Funding, capital returns, and partner activity

Synchrony said deposits represented 84% of total funding at year-end, with secured debt at 9% and unsecured debt at 7%. The company grew direct deposits by $2.9 billion year over year while reducing broker deposits by $3.8 billion. During the fourth quarter, Synchrony issued a $750 million three-year secured public bond with a final coupon of 4.06%, which management called its tightest benchmark-adjusted spread in seven years.

Capital ratios declined about 70 basis points year over year, ending the quarter with a CET1 ratio of 12.6%, Tier 1 capital ratio of 13.8%, and total capital ratio of 15.8%. Synchrony returned $1.1 billion to shareholders in the fourth quarter, including $952 million in share repurchases and $106 million in dividends. For the full year, the company returned $3.3 billion, including $2.9 billion in repurchases and $427 million in dividends.

On strategy, management emphasized partner growth and renewals, saying the company added or renewed more than 25 partners in the quarter and more than 75 over the year. Executives highlighted a new exclusive multi-year agreement with Bob’s Discount Furniture (launch expected mid-year) and a renewal with Polaris. Synchrony also discussed expanding relationships with merchant and practice management platforms, including a partnership with Weave in Health & Wellness, and noted the planned acquisition of Versatile Credit to accelerate a multi-source financing strategy.

Management also pointed to continued growth in its multiproduct approach. Synchrony said its Pay Later offering is now available to more than 6,200 merchants, and stated that offering Pay Later alongside revolving products has driven at least a 10% average increase in sales based on company data. Executives said Pay Later has been incremental, with no observed cannibalization of existing private label and co-brand programs.

2026 outlook and key themes from Q&A

For 2026, Synchrony provided an EPS outlook of $9.10 to $9.50, based on baseline assumptions including 2% GDP growth, 4.8% year-end unemployment, a 3.25% year-end Fed funds rate, and deposit betas of about 65%. The company expects mid-single-digit ending receivables growth, with growth accelerating in the back half of the year as newer programs expand and the Lowe’s Commercial Co-Brand program transfers to Synchrony’s portfolio in the second quarter.

Management said it expects the net charge-off rate to be in line with its long-term target of 5.5% to 6%, and expects net interest income to grow as pricing actions continue to build and funding costs decline, partially offset by lower late fee incidence and other factors.

During the Q&A, executives said the Walmart program launched in September and is “the fastest-growing program” the company has ever launched, supported by a value proposition that includes 5% cash back for Walmart+ members at Walmart and 1.5% back elsewhere.

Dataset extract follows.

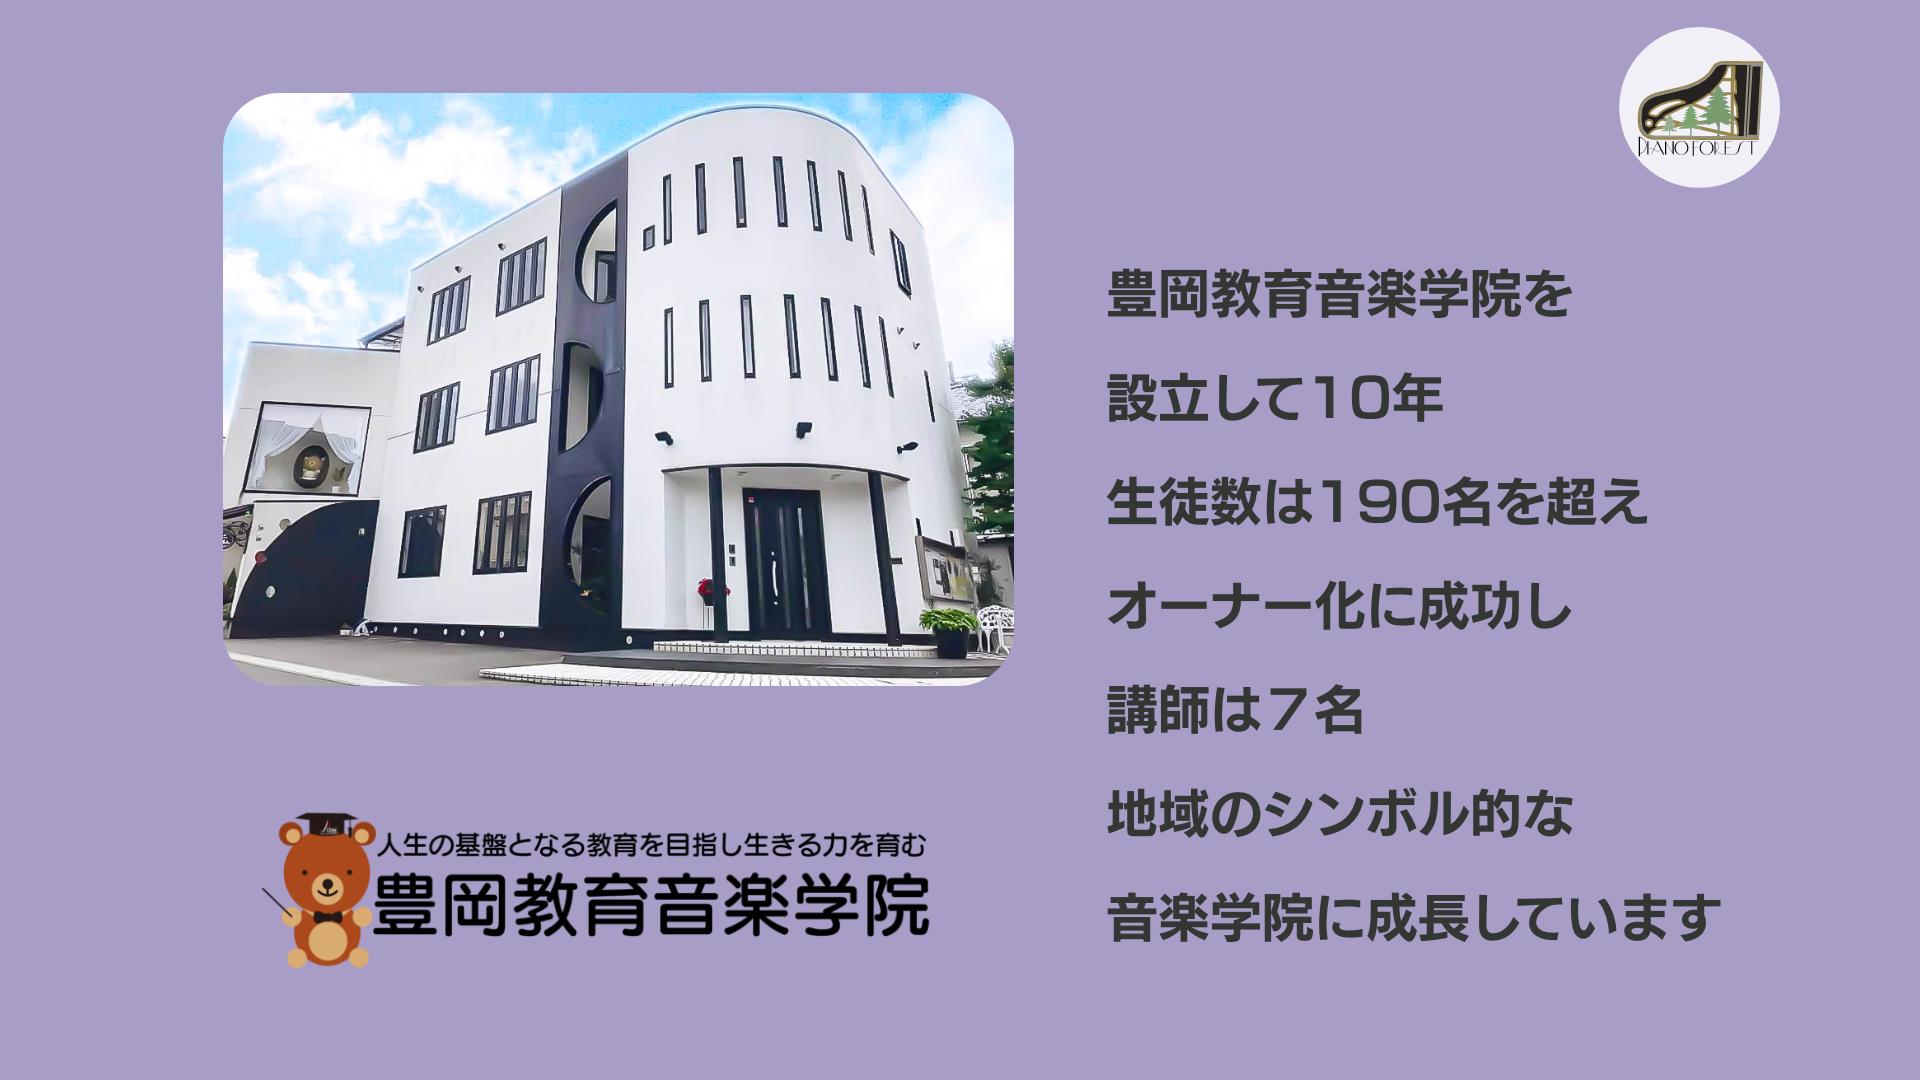 tamura-card00001

Management also discussed the potential impact of proposed APR caps, arguing that price controls would reduce credit availability, particularly for lower-income consumers, and could harm merchants that rely heavily on credit programs.

On guidance, the CFO said the company shifted to providing an EPS range to help investors focus on the overall earnings outcome amid variability in how models are built from line-item guidance, while also flagging that growth investments—such as Walmart One Pay, Lowe’s Commercial Co-Brand, Versatile Credit, and technology initiatives—can influence multiple P&L lines as portfolios season.

About Synchrony Financial NYSE: SYF

Synchrony Financial NYSE: SYF is a consumer financial services company that specializes in providing point-of-sale financing and private-label, co-branded and branded credit card programs. The company serves as a payments and lending partner to retailers, digital merchants and service providers, offering consumer financing solutions designed to drive customer engagement and sales. Synchrony also operates a direct bank that offers deposit products, including savings accounts and certificates of deposit, which support its funding and customer-facing product suite.

Its core product set includes private-label and co-branded credit cards, general-purpose credit cards, installment loan programs and promotional financing options that are integrated into merchants’ checkout experiences.